[Required action]: Please write out every line of the material, leaving out any picture.

[Supplied material]:
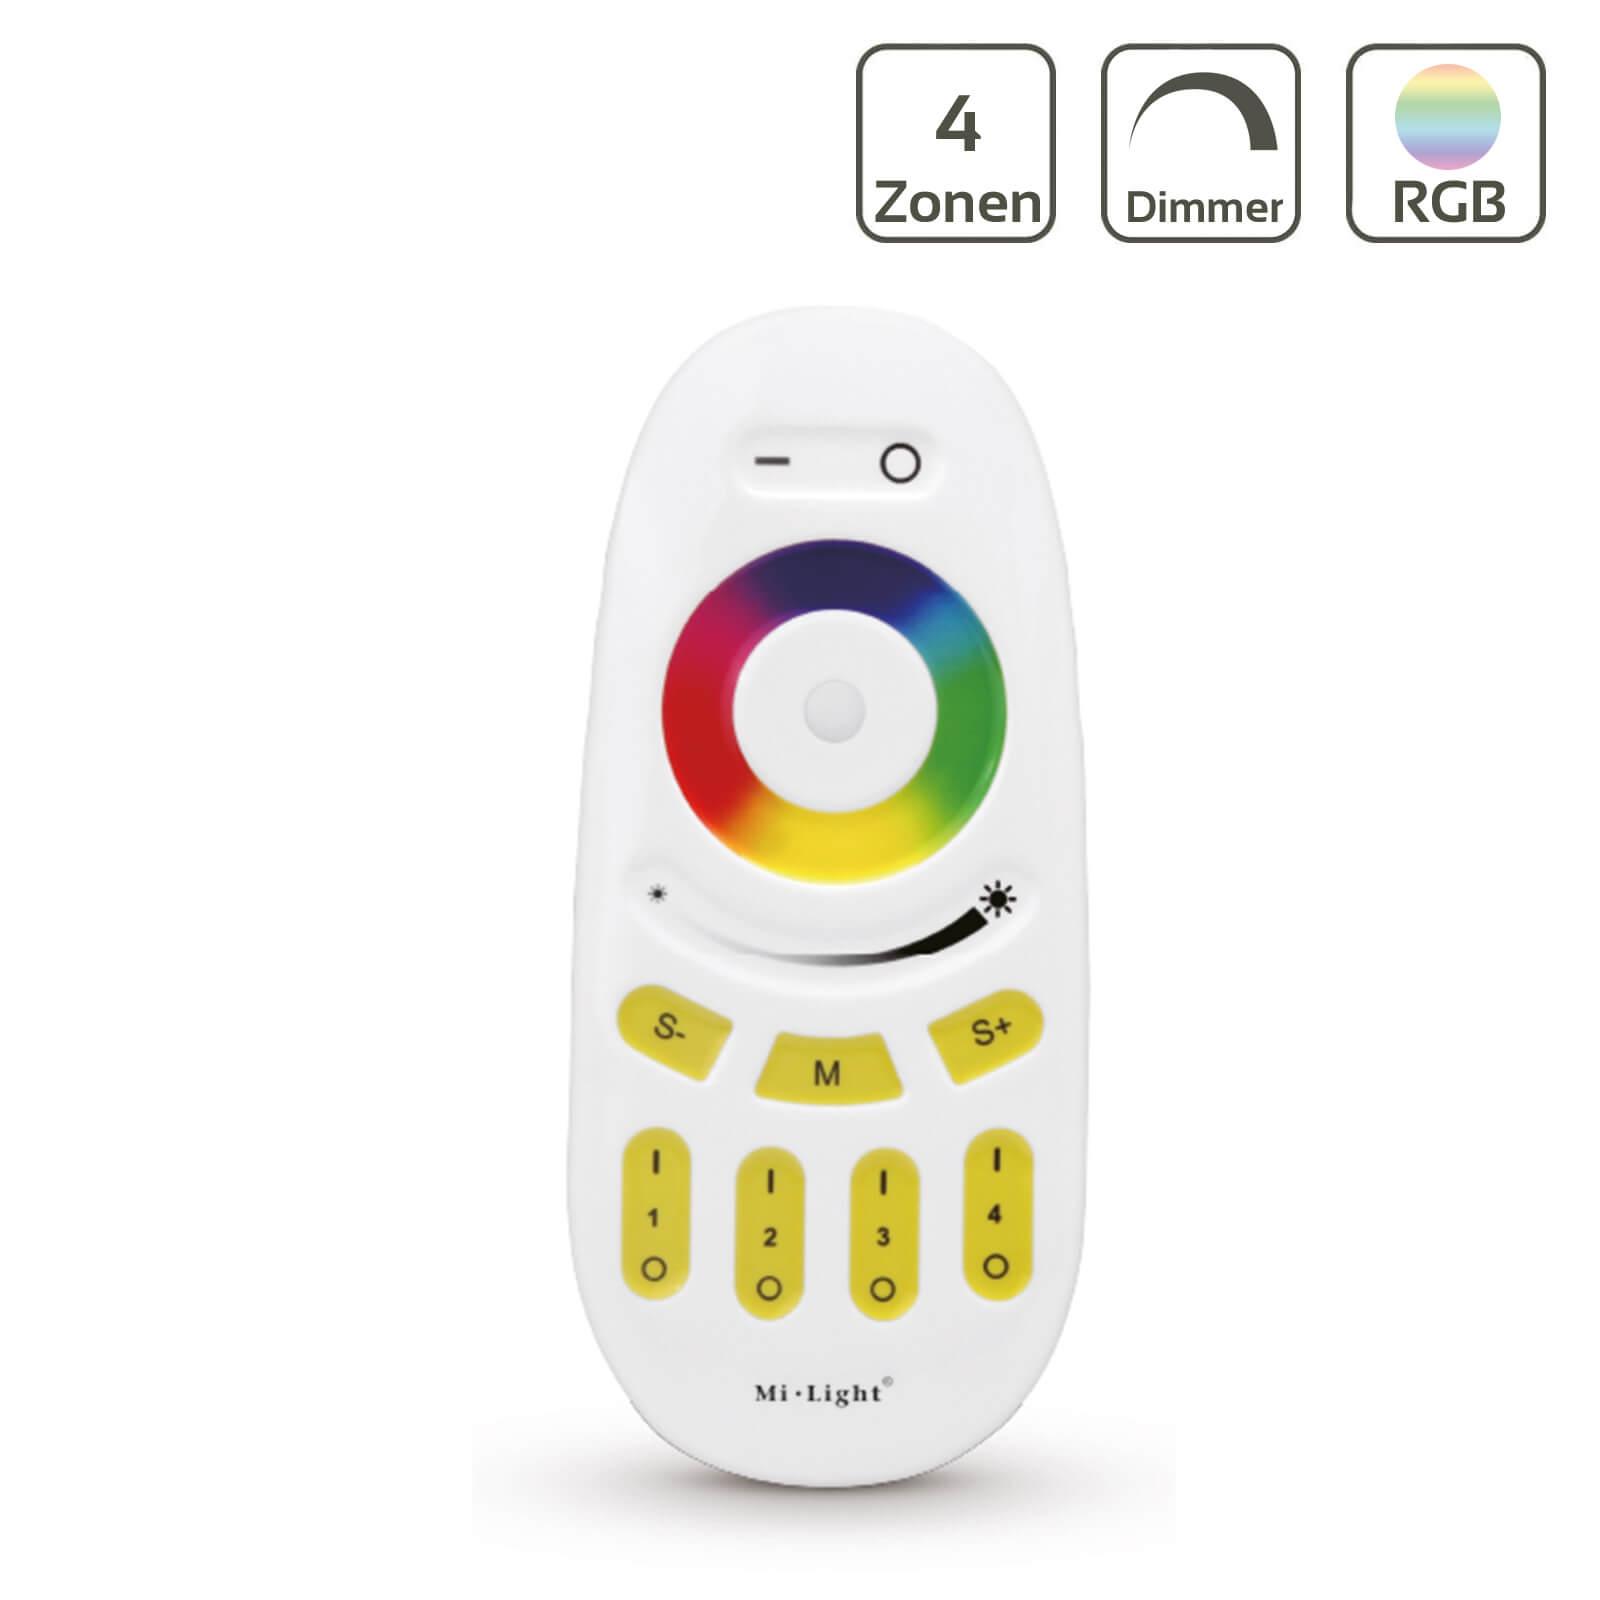 MiBoxer Funk Fernbedienung RGBW | Dimmen Schalten Farbeinstellung | FUT096
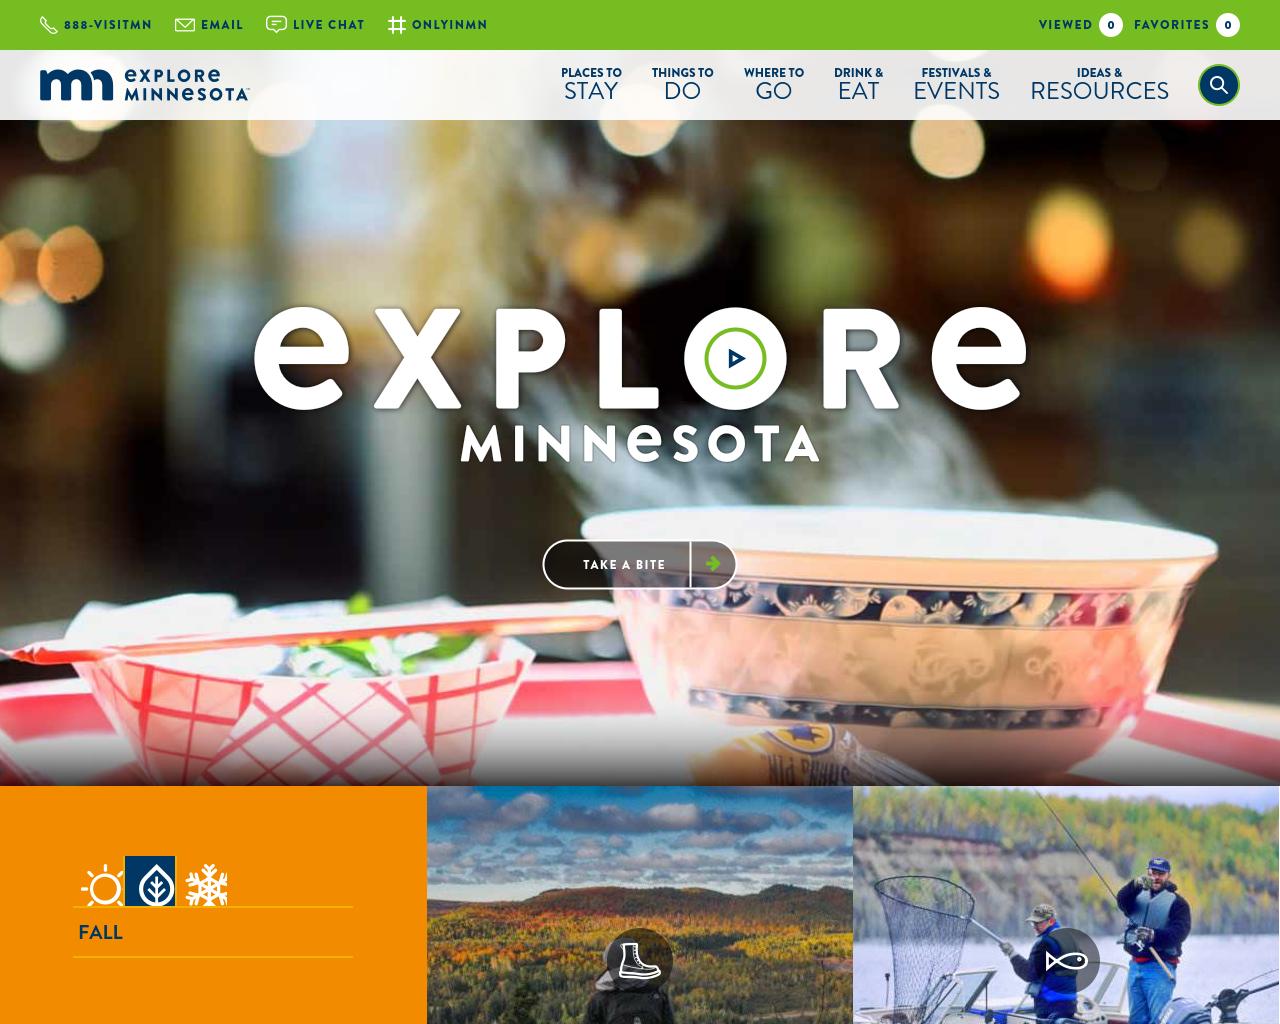 Explore-Minnesota-Advertising-Reviews-Pricing
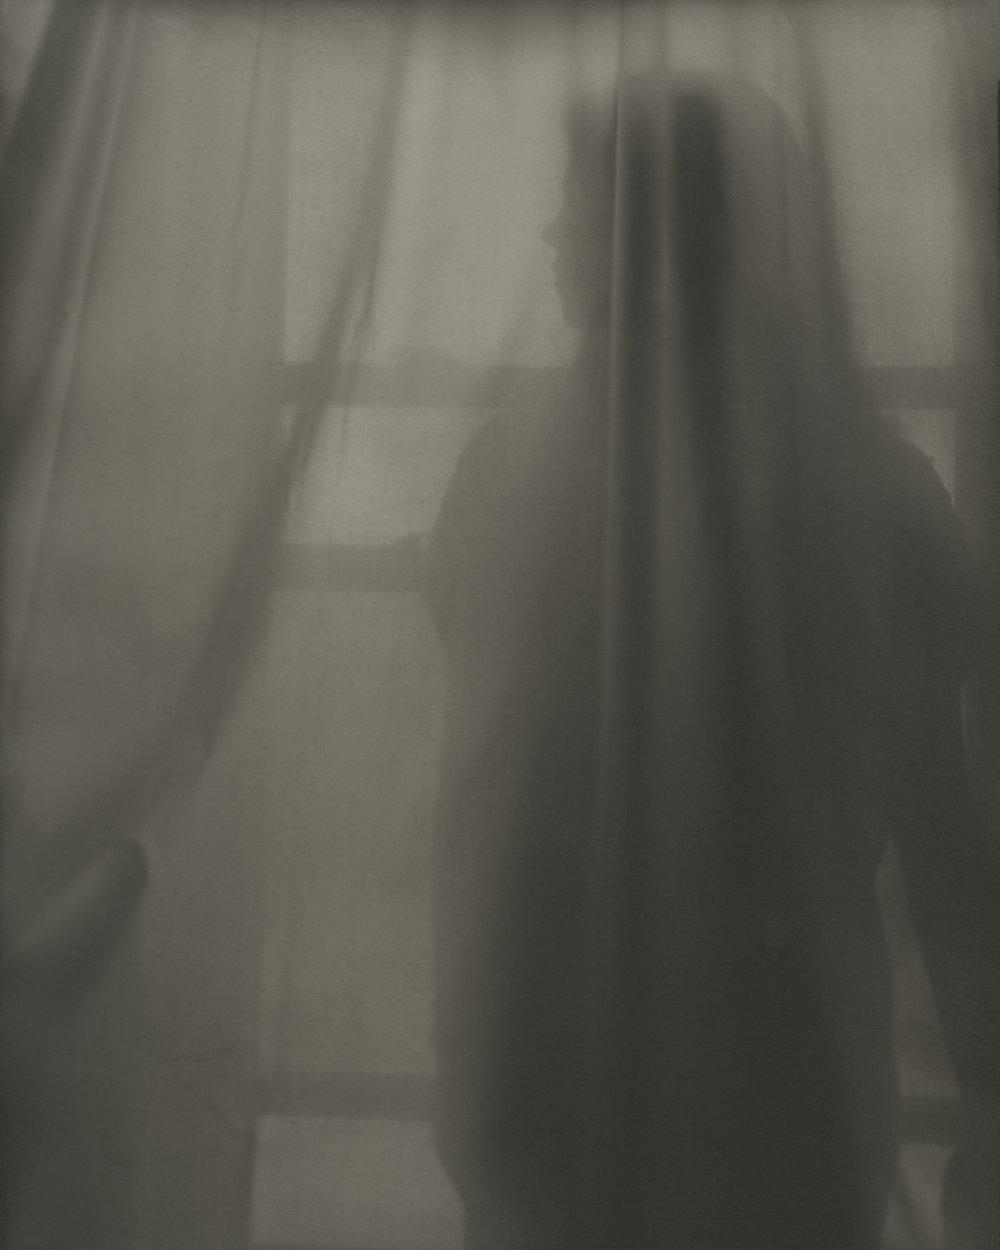 Sofi Behind Curtain
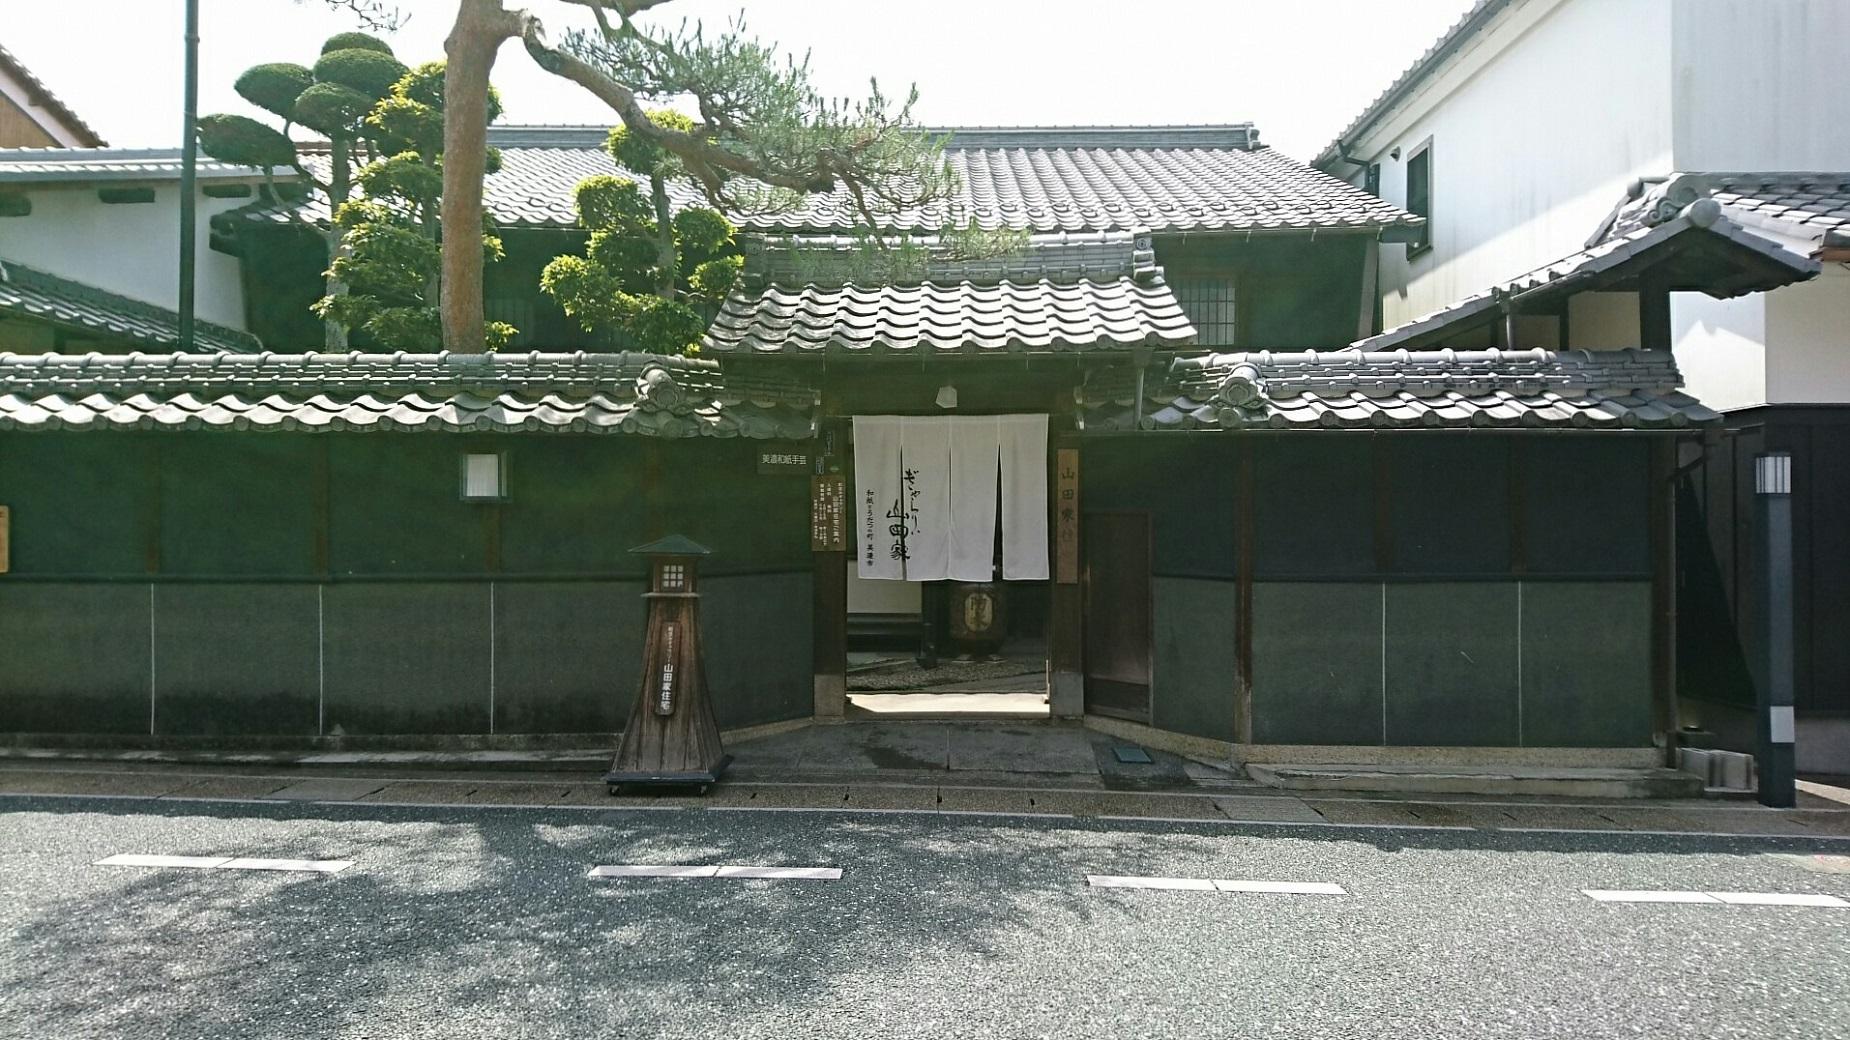 2018.5.16 美濃市 (68) 山田家住宅 1850-1040

[Completed task]:
 MiBoxer Funk Fernbedienung RGBW | Dimmen Schalten Farbeinstellung | FUT096
 Explore-Minnesota-Advertising-Reviews-Pricing
 Sofi Behind Curtain
 2018.5.16 美濃市 (68) 山田家住宅 1850-1040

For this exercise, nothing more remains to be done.